NOTE: Please don't spend time trying to implement a workaround to read it correctly. If you run into problems like this, get better data or go complain to your local data provider. (I've provided a solution at the bottom of the file.)

(2.4) It's not uncommon for a CSV to lack a header row.

In [14]:
head("bad_sharks/shark_no_header.csv")
"ATLANTIC, NJ",0.36045312881469727,0.36012208461761475,1,0,0,0,1
"BERGEN, NJ",0.42121848464012146,0.3835897445678711,0,1,0,0,1
"BURLINGTON, NJ",0.4130434989929199,0.4256618916988373,0,0,0,0,0
"CAMDEN, NJ",0.3939720094203949,0.4330543875694275,0,0,1,0,1
"CAPE MAY, NJ",0.4350515604019165,0.41938772797584534,1,0,0,0,1
In [15]:
# Read in the file using the default parameters. Describe what goes wrong in a comment.
In [16]:
# Read in the file correctly by specifying the fieldnames parameter. 

sharks_header = ['county', 'wilson1912', 'wilson1916', 'beach', 'machine', 'mayhew', 'attack', 'coastal']

with open("bad_sharks/shark_no_header.csv", "r") as fin:
    read = csv.DictReader(fin, quotechar='"', fieldnames=sharks_header, delimiter=',')
    df = [line for line in read]
pretty_print(df[0])
OrderedDict([('county', 'ATLANTIC, NJ'),
             ('wilson1912', '0.36045312881469727'),
             ('wilson1916', '0.36012208461761475'),
             ('beach', '1'),
             ('machine', '0'),
             ('mayhew', '0'),
             ('attack', '0'),
             ('coastal', '1')])

(3.0) Another common format is JSON, as we saw a few weeks ago.
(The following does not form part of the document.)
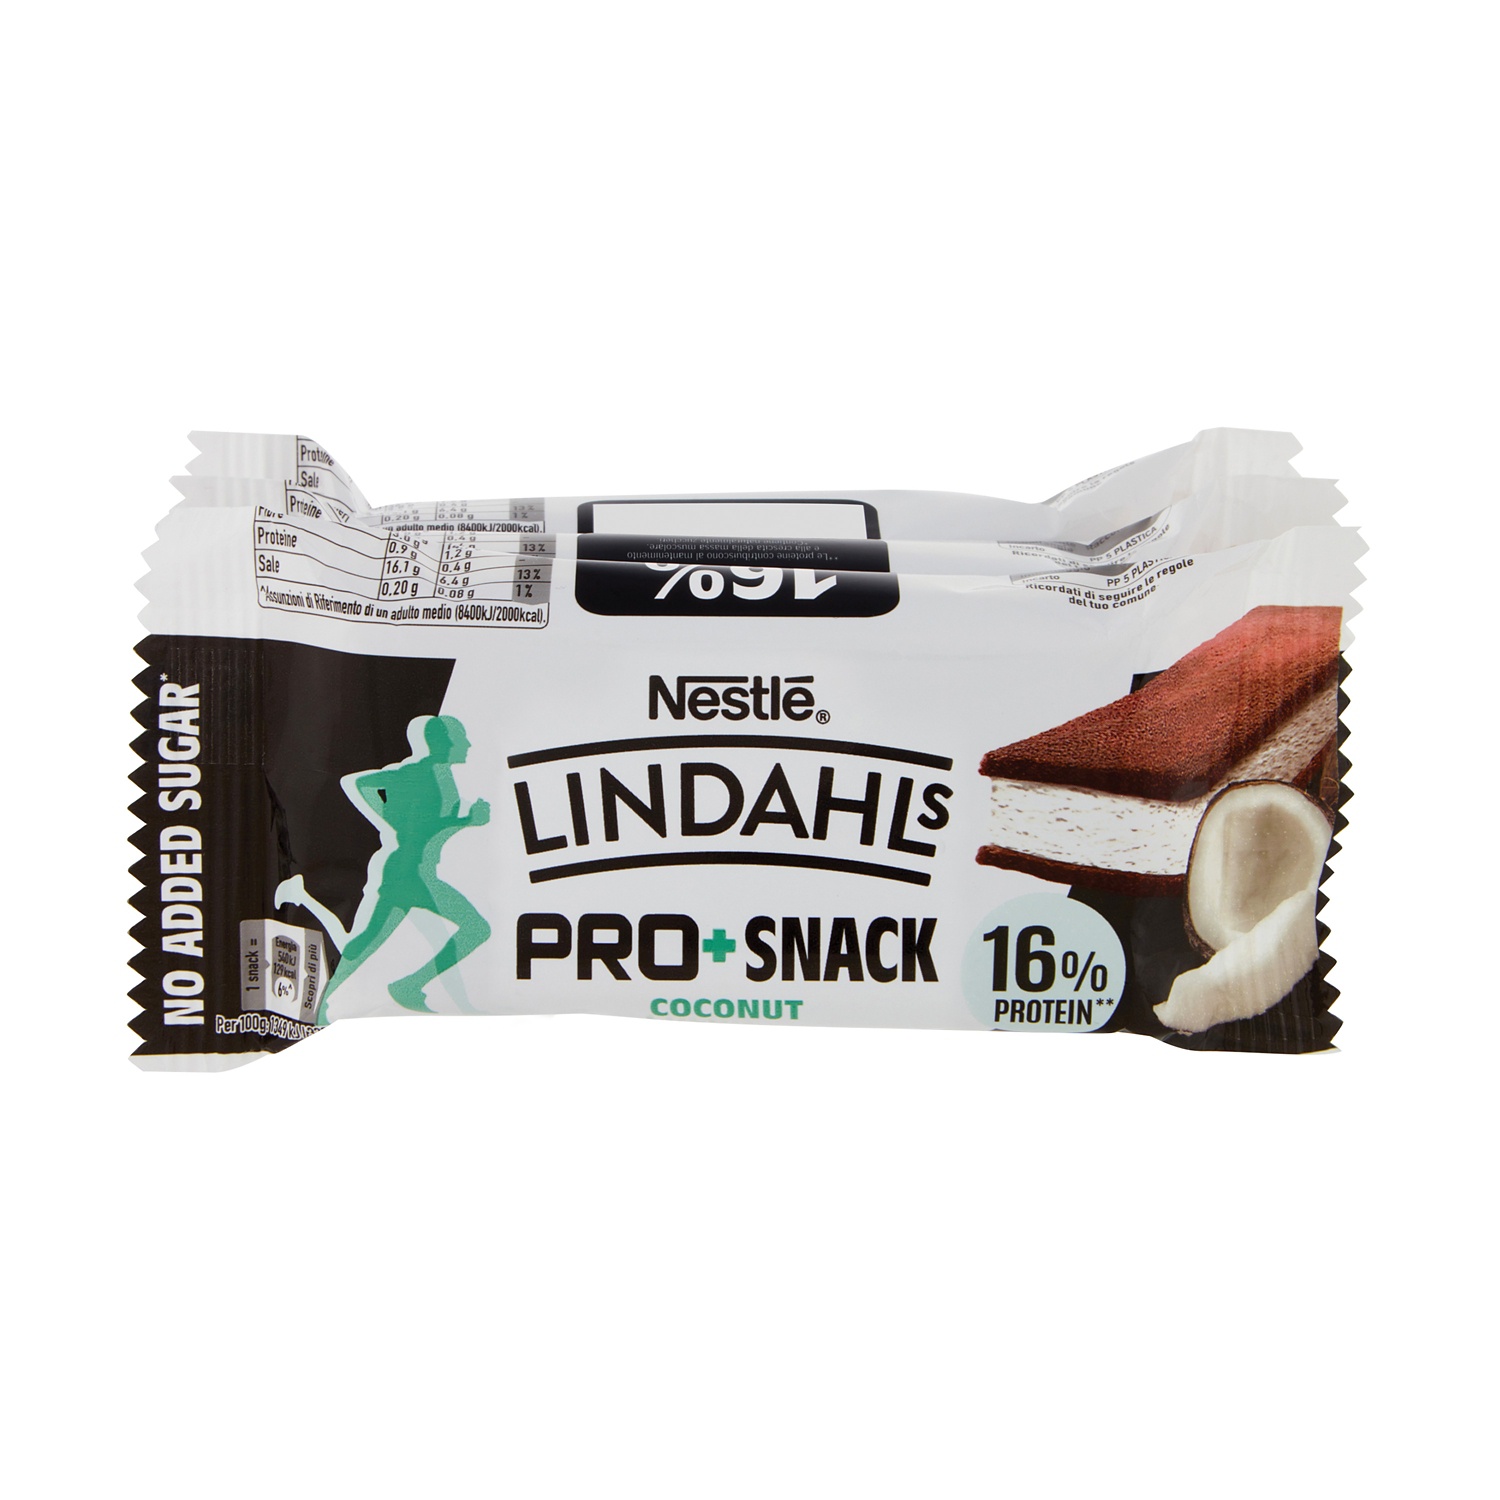 NESTLÈ Lindahls PRO + Snack

When dealing with multiple "rows" of data in JSON, data is often structured one of two ways:

  1. as a list of key-value pairs, e.g., [{row 1}, {row 2}, {row 3}...]. Note the list-like brackets. There may be newlines separating the individual dictionaries, but the key here is the brackets.
  2. as a series of individual JSON objects, one per line. This form would not have the initial [ and would look something like
    {row 1}
    {row 2}
    {row 3}

(3.1) The first of these cases is what the json library is designed for.

In [17]:
head("bad_sharks/shark.json", n=11)
[
{
"county": "ATLANTIC, NJ",
"wilson1912": 0.3605,
"wilson1916": 0.3601,
"beach": 1,
"machine": 0,
"mayhew": 0,
"attack": 0,
"coastal": 1
},

You can use the following syntax inside of a with statement to load the file:

file_content = file_object.read()
df = json.loads(file_content)

In [18]:
# Read in the fully formatted .json file

with open("bad_sharks/shark.json", "r") as fin:
    df = json.load(fin)
pretty_print(df[0])
{'attack': 0,
 'beach': 1,
 'coastal': 1,
 'county': 'ATLANTIC, NJ',
 'machine': 0,
 'mayhew': 0,
 'wilson1912': 0.3605,
 'wilson1916': 0.3601}

(3.2) The second case is more common, but a bit more complicated.

In [19]:
head("bad_sharks/many_sharks.json")
{"county":"ATLANTIC, NJ","wilson1912":0.3605,"wilson1916":0.3601,"beach":1,"machine":0,"mayhew":0,"attack":0,"coastal":1}
{"county":"BERGEN, NJ","wilson1912":0.4212,"wilson1916":0.3836,"beach":0,"machine":1,"mayhew":0,"attack":0,"coastal":1}
{"county":"BURLINGTON, NJ","wilson1912":0.413,"wilson1916":0.4257,"beach":0,"machine":0,"mayhew":0,"attack":0,"coastal":0}
{"county":"CAMDEN, NJ","wilson1912":0.394,"wilson1916":0.4331,"beach":0,"machine":0,"mayhew":1,"attack":0,"coastal":1}
{"county":"CAPE MAY, NJ","wilson1912":0.4351,"wilson1916":0.4194,"beach":1,"machine":0,"mayhew":0,"attack":0,"coastal":1}

You will need to manually loop through the file and call json.loads() on each line.

In [20]:
# Read in the line-by-line formatted .json file

with open("bad_sharks/many_sharks.json", "r") as fin:
    df = []
    for line in fin.readlines():
        row = json.loads(line)
        df.append(row)
pretty_print(df[0])
{'attack': 0,
 'beach': 1,
 'coastal': 1,
 'county': 'ATLANTIC, NJ',
 'machine': 0,
 'mayhew': 0,
 'wilson1912': 0.3605,
 'wilson1916': 0.3601}

(4.0) Got extra time? Feel free to work on loading the data for your own project!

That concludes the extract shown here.